Telephone: +36-705-335012
Received: March 22, 2005
Revised: July 2, 2005
Accepted: July 20, 2005
Published online: February 21, 2006


AIM: To determine whether increased blood flow of the liver can cause oxidative stress and hepatocyte damage, and to elaborate methods suitable for measuring the antioxidant defence during hepatic surgery on rat model.

METHODS: In nembutal narcosis, the left lateral and the medial lobes of the liver were clipped for 45 min to make the total blood supply flow through the other lobes. Total antioxidant status, glutathione peroxidase and superoxide dysmutase activity, as well as the concentrations of diene conjugates and free sulphydril groups, H-donating ability and reducing power of the liver samples were determined. Chemiluminescent intensity of the liver was also measured. Metal ions (Al, Ca, Cu, Fe, Mg, Mn, Zn) and P and S concentrations of the liver were determined with an inductively coupled plasma optical emission spectrometer and Se content was measured by cathodic stripping voltammetry.

RESULTS: Glutathione peroxidase and superoxide dysmutase activities of the liver decreased significantly in the hyperemia group compared to those observed in the sham operated group. The level of total antioxidant status was also significantly lower in the hyperemia group. H-donating ability, reducing power and free sulphydril group concentration showed the same tendency. A significant correlation (P<0.05) was found between the changes in non-specific antioxidant activities. This pointed to simultaneous activity of the antioxidant defence system. Al, Cu, Mn, Zn, and S were lower in the hyperemia group than in the sham operated group when the levels of Ca, Fe, Mg, Se and P ions were higher during hyperemia.

CONCLUSION: Oxidative stress is one of the main factors for the injury of intact liver lobes during ischaemia-reperfusion.

Key Words: Free radicals, Liver, Oxidative stress, Metal elements, Redox-balance


Acute hyperemia (hyperperfusion) occurs during operations of the liver when the blood flow of part of the liver is selectively occluded by the surgeon, therefore the non-occluded lobes have to deal with a greater amount of blood.
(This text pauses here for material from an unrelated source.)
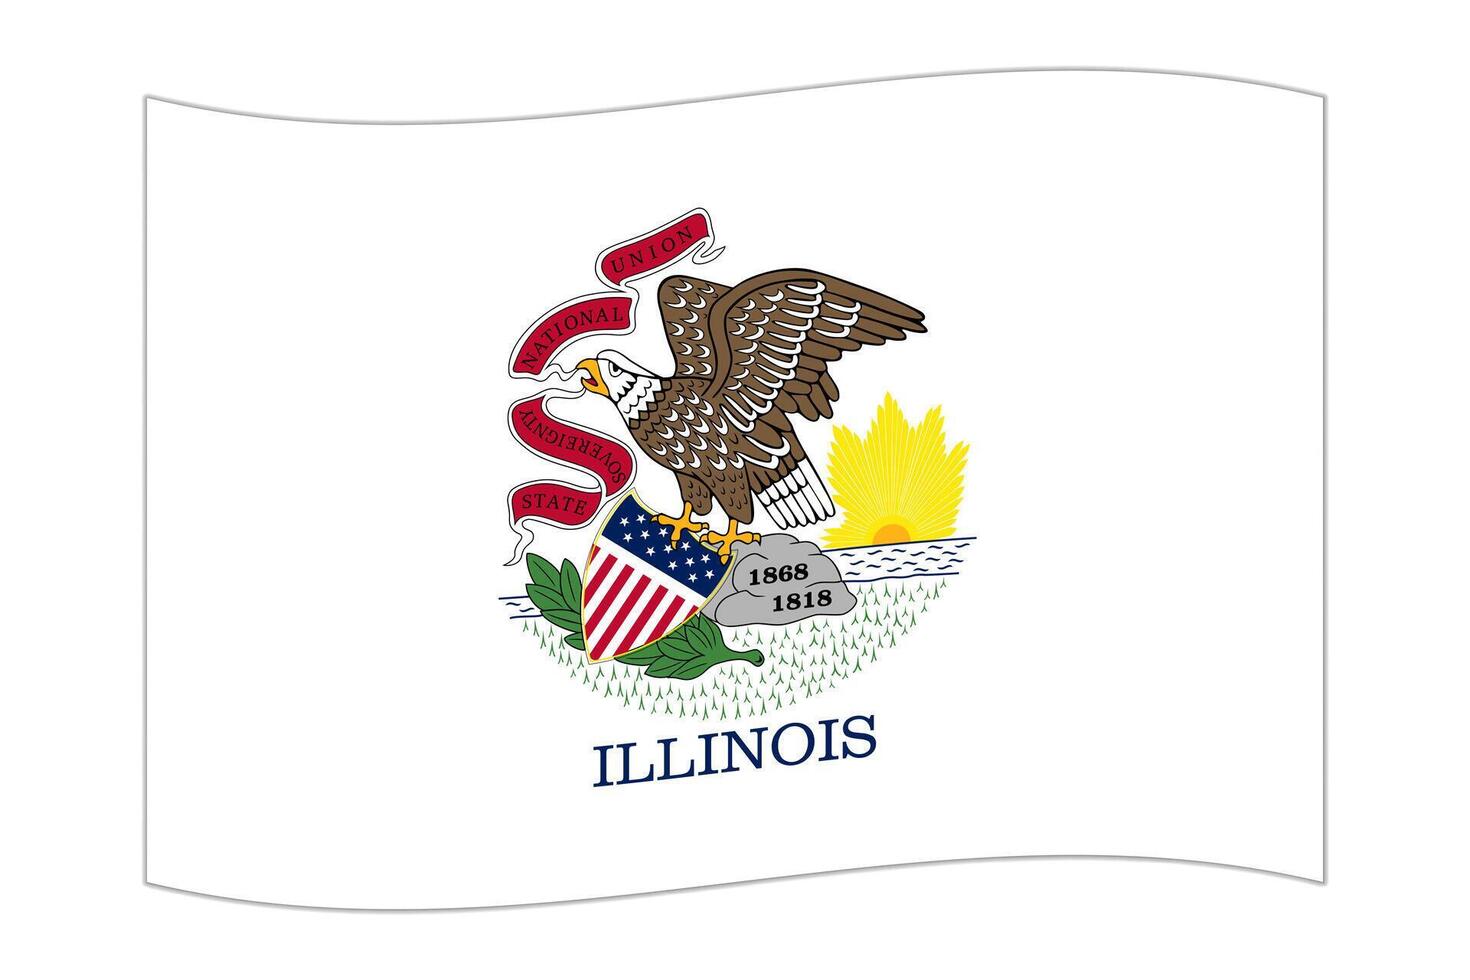 vinka flagga av de Illinois stat. vektor illustration.

This type of operation is relatively rare, but the mechanism of this kind of damage can be of great interest since very few data on this topic are available in the literature. After liver resection the non-resected liver tissue receives the whole blood volume of the portal vein and the hepatic artery, therefore it may be assumed that hepatic overflow is related to these operations. The same mechanism occurs during liver transplantation from a living donor both in the liver of the donor and in the recipient. Owing to the relatively small size of the liver it is rather difficult to handle hemodynamic changes[1].
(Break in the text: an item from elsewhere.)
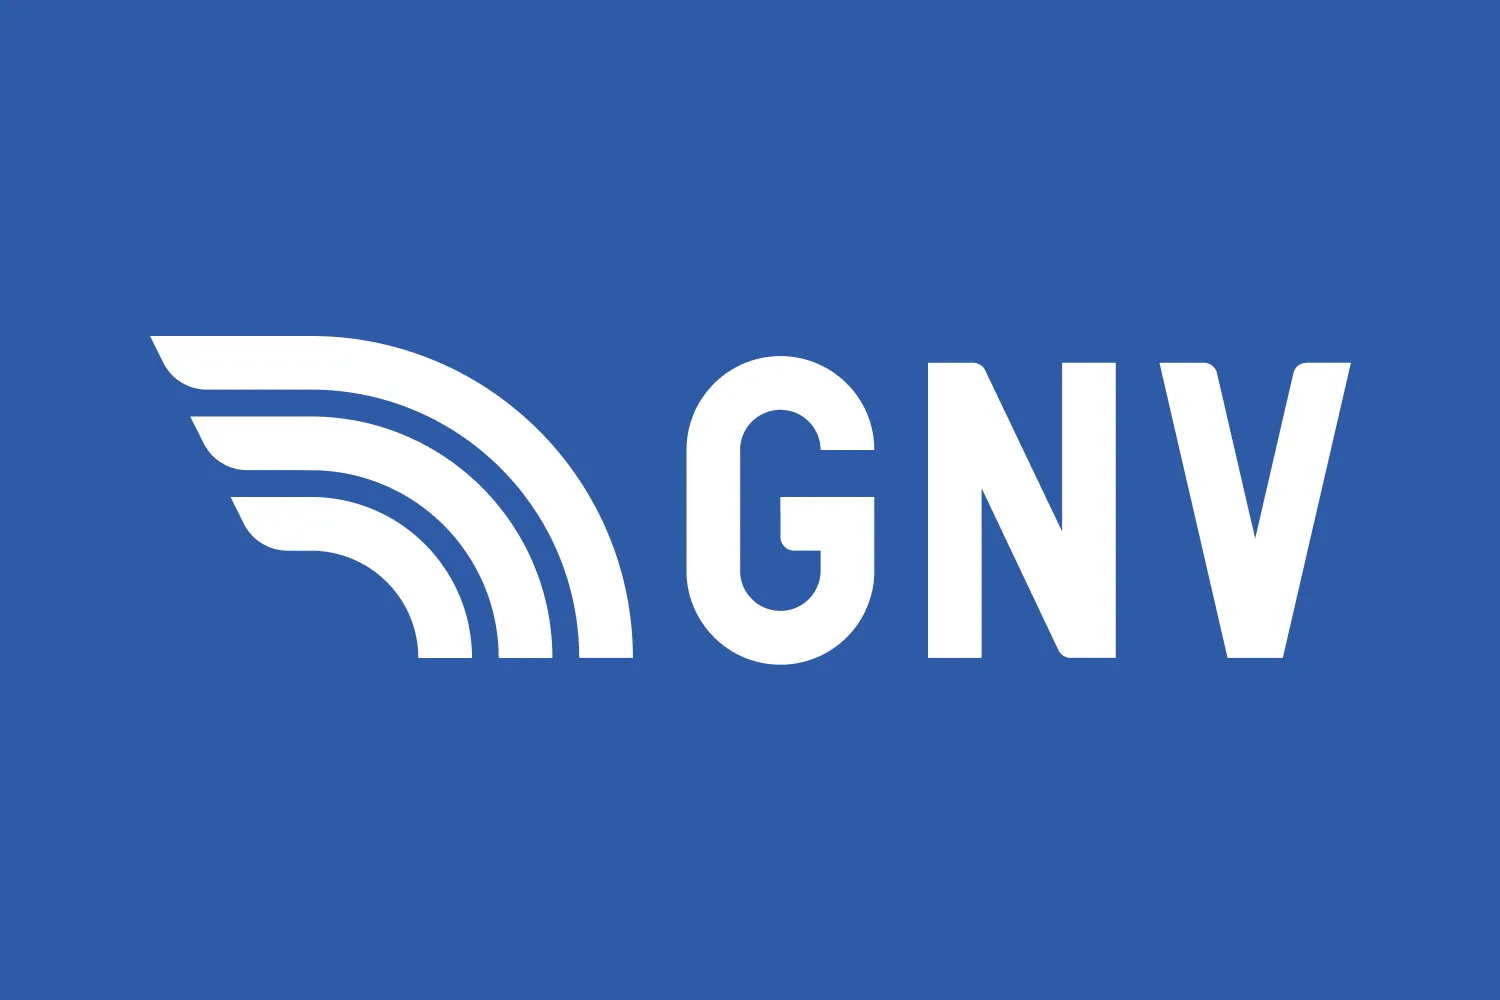 The Grandi Navi Veloci logo.

Hemodynamic changes due to the regeneration of the liver may have effect on the above mentioned hepatic hyperperfusion, therefore long-term investigation on this model may be an interesting field of research in the future[2-4].

Along with the increased blood flow, oxygen tension of the hepatic tissue is also high. High oxygen tension is connected to the generation of oxygen-related free radicals, such as hydroxyl radical, superoxide-anion or hydrogen peroxyde. Oxidative stress causes major disturbances in the redox-homeostasis of the liver cells, therefore it also affects the main cellular functions through signal transduction[5].
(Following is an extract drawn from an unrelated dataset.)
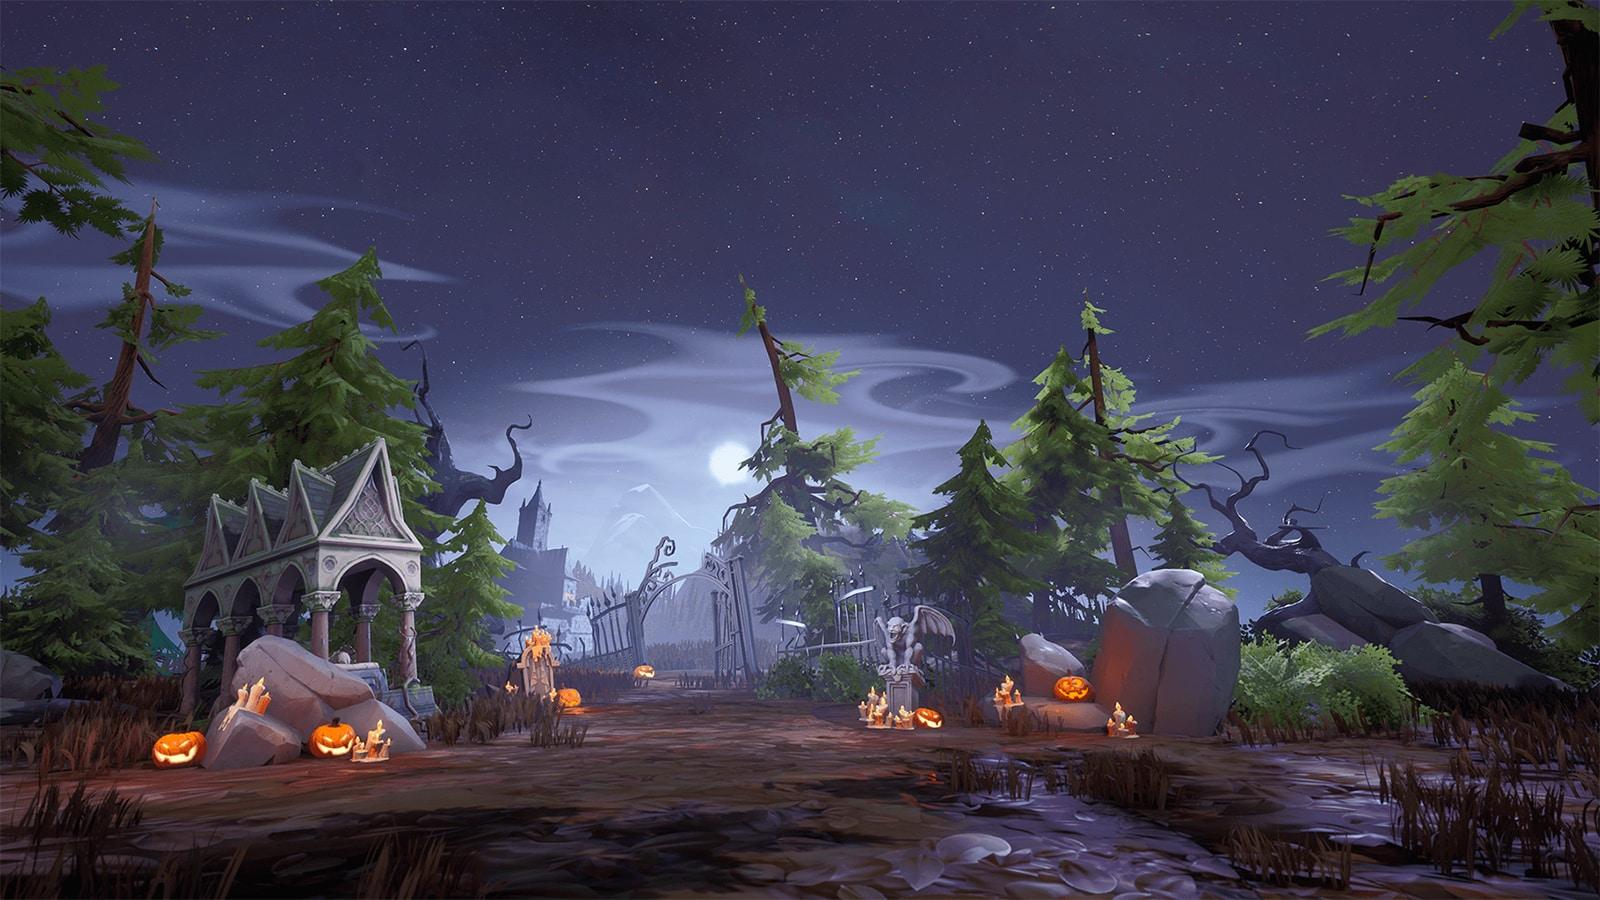 The new Halloween lobby in Fortnite Season 8

Especially in liver tissue, oxidative stress activates the Kupffer cells and Ito cells first, which are responsible for most of the liver damage[6]. Great amounts of free radicals are generated by Kupffer cells during their respiratory burst, which is a most important source of reactive oxygen species. Kupffer cells generate other mediators (cytokines, prostaglandines) as well, and these agents increase the damage of the liver tissue[7].

Oxidative stress causes lipid peroxidation of the cellular membranes, and diene conjugates and malondialdehyde are generated[8]. The injury of the cellular membranes destroys the homeostasis of hepatocytes, which leads finally to apoptosis or necrosis[9].

The great amount of free radicals and fast blood flow increase the risk of thrombosis, which can be related to greater liver cell damage[10]. Platelet aggregation is also affected by superoxide anions and hydroxyl radicals[11,12]. The disturbance in the circulation of the liver may cause endothelial dysfunction by changing the ratio of vasoconstrictor and vasodilatator agents[13,14]. The role of the white blood cells in thrombotic mechanisms related to ischaemia-reperfusion is well known. The same reactions may occur in intact liver lobes [15,16].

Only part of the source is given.